Below is a listing; retype exactly the lines between the one containing "Proud to Teach Multilingual Learners T-Shirt" and the one containing "People dispose of", inclusive, minus the pictures.

— Data provided —
________________________________________

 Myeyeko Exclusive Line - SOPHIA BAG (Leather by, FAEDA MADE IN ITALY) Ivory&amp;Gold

________________________________________

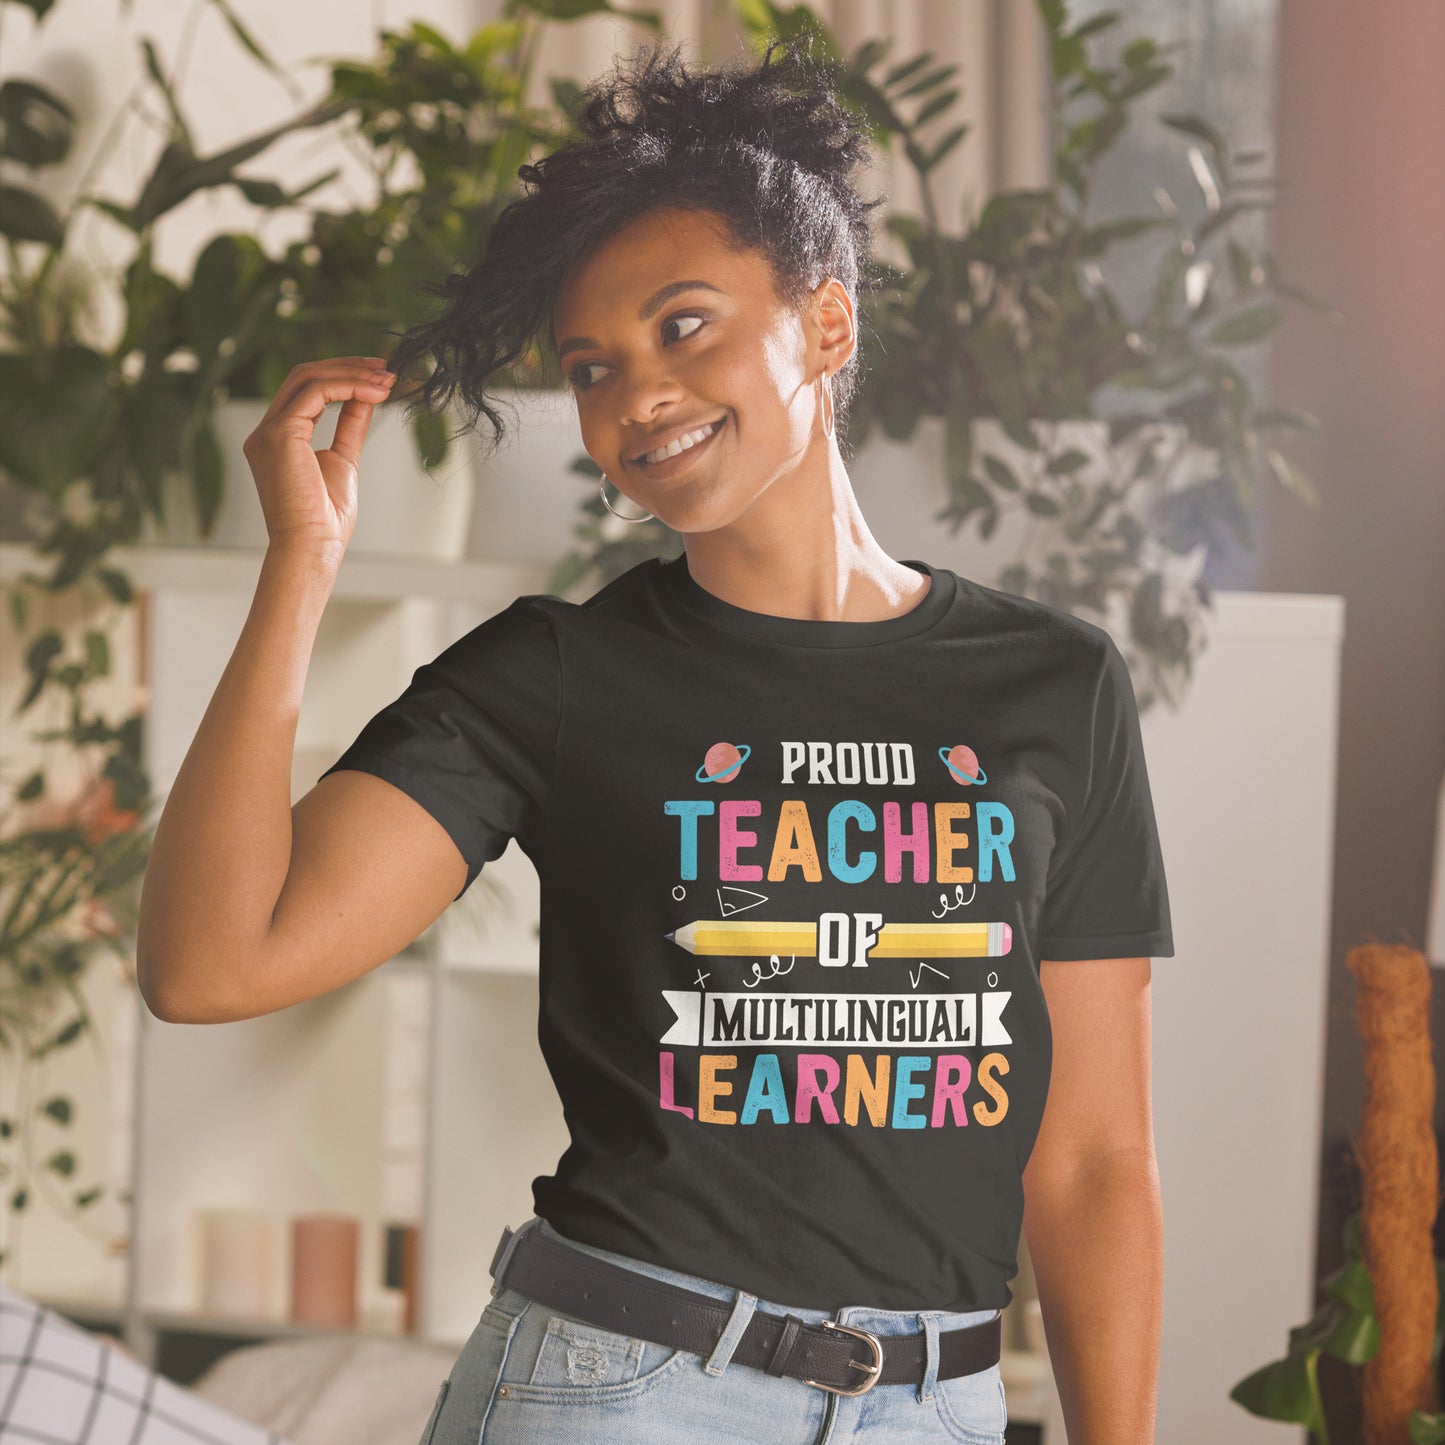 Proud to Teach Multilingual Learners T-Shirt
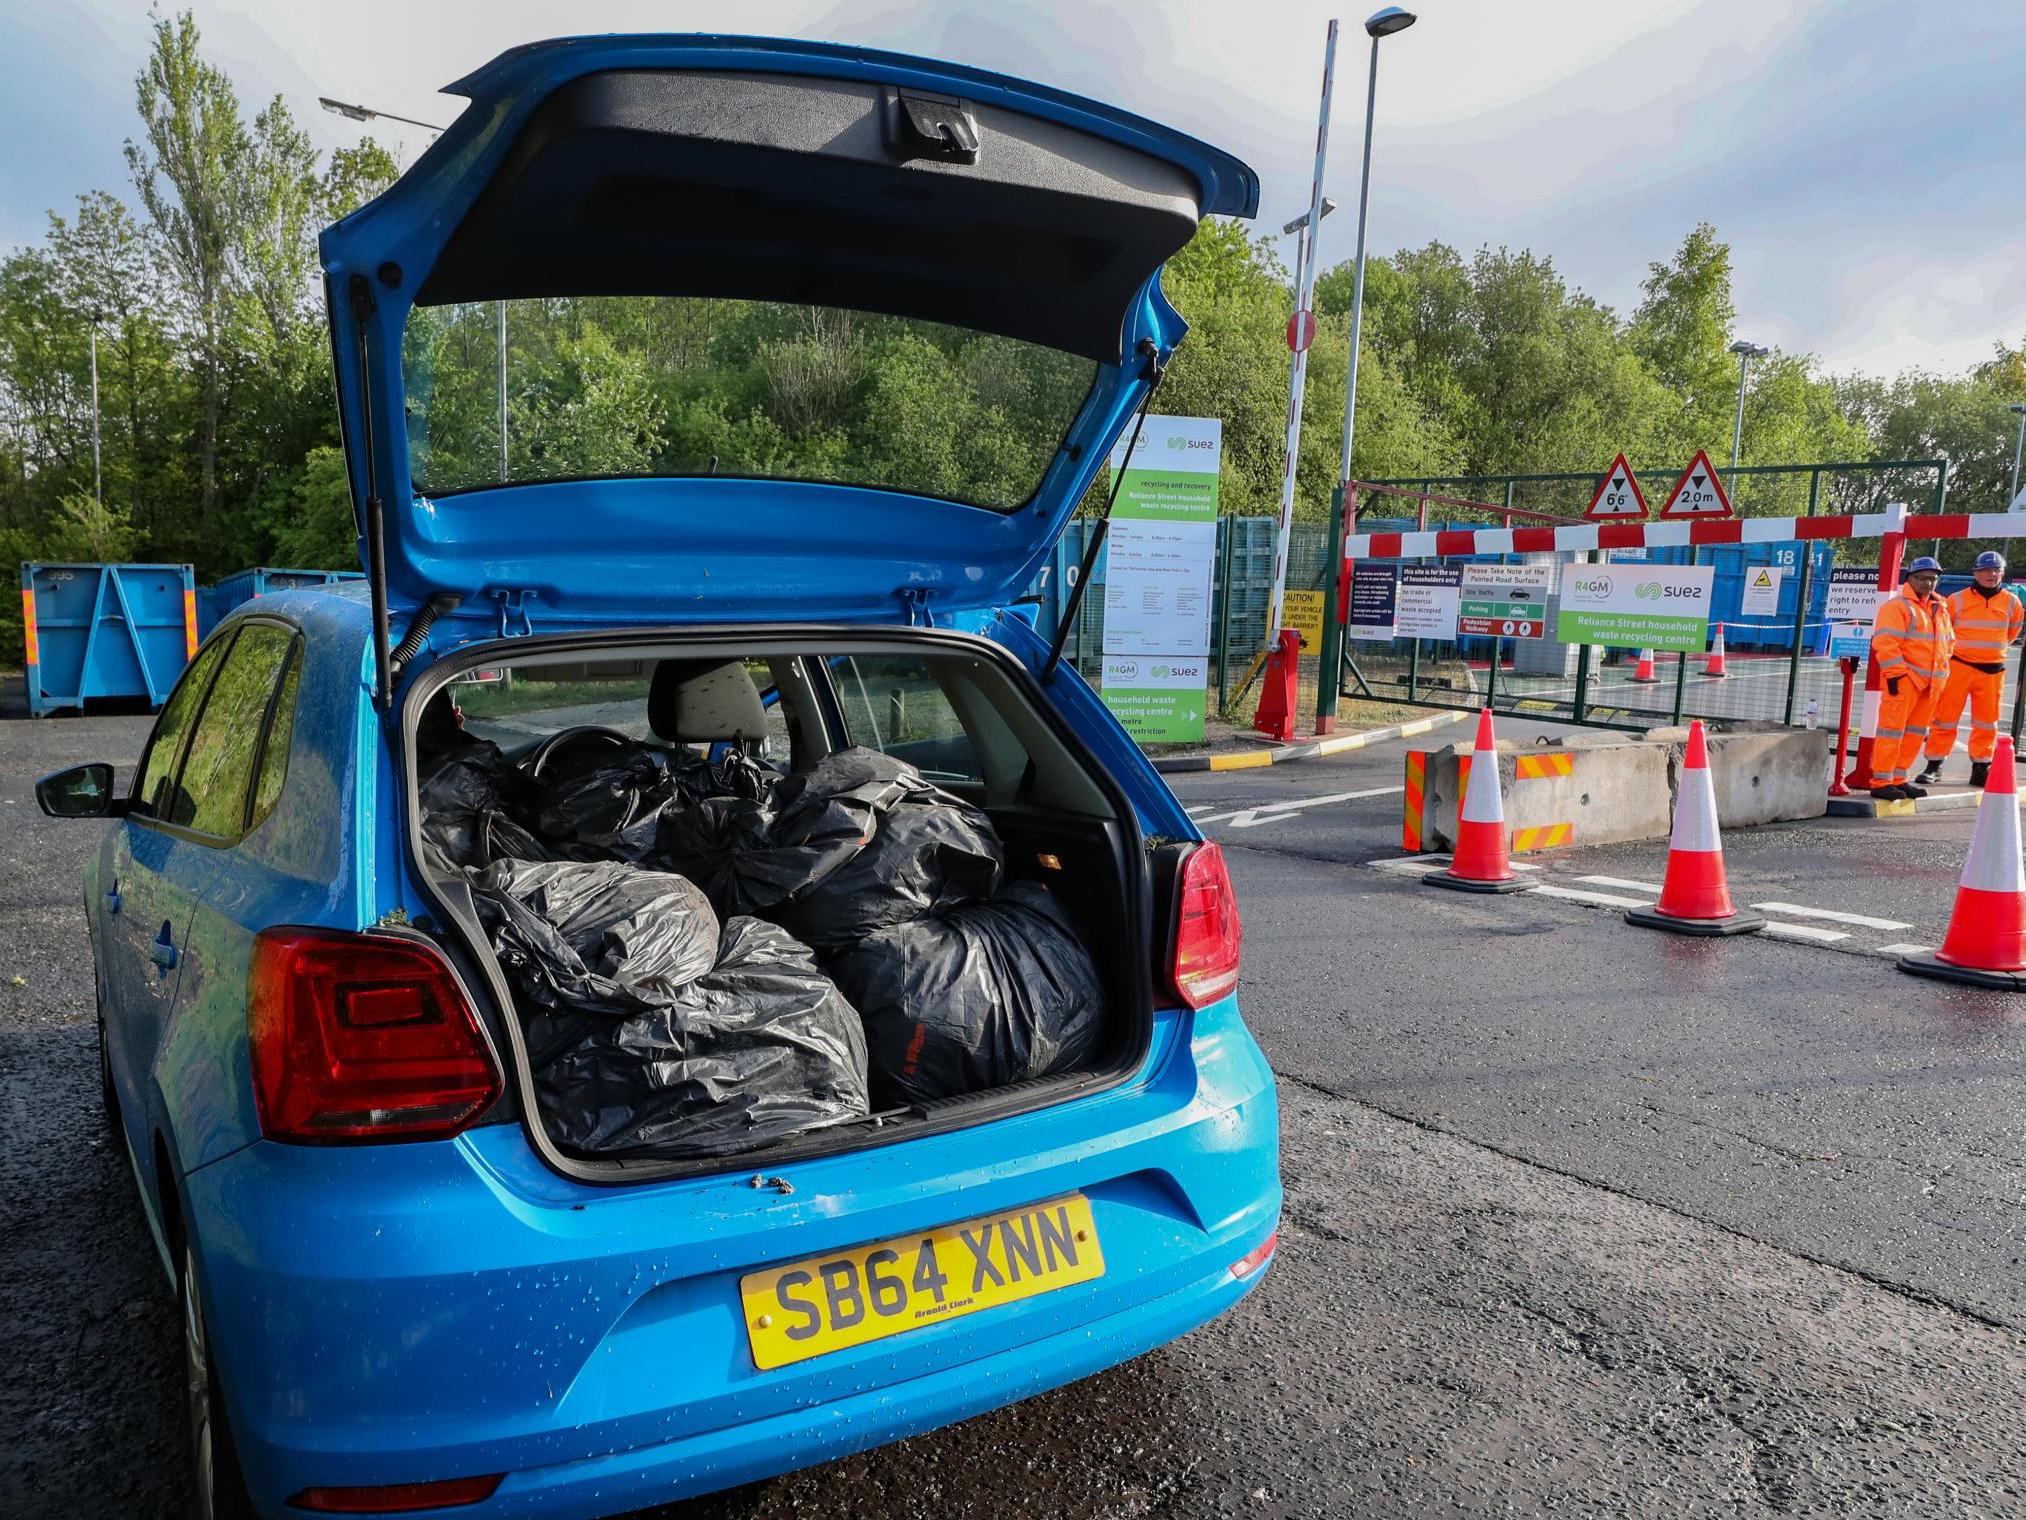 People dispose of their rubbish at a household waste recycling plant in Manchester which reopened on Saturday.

________________________________________

— Task answer —
 Proud to Teach Multilingual Learners T-Shirt
 People dispose of their rubbish at a household waste recycling plant in Manchester which reopened on Saturday.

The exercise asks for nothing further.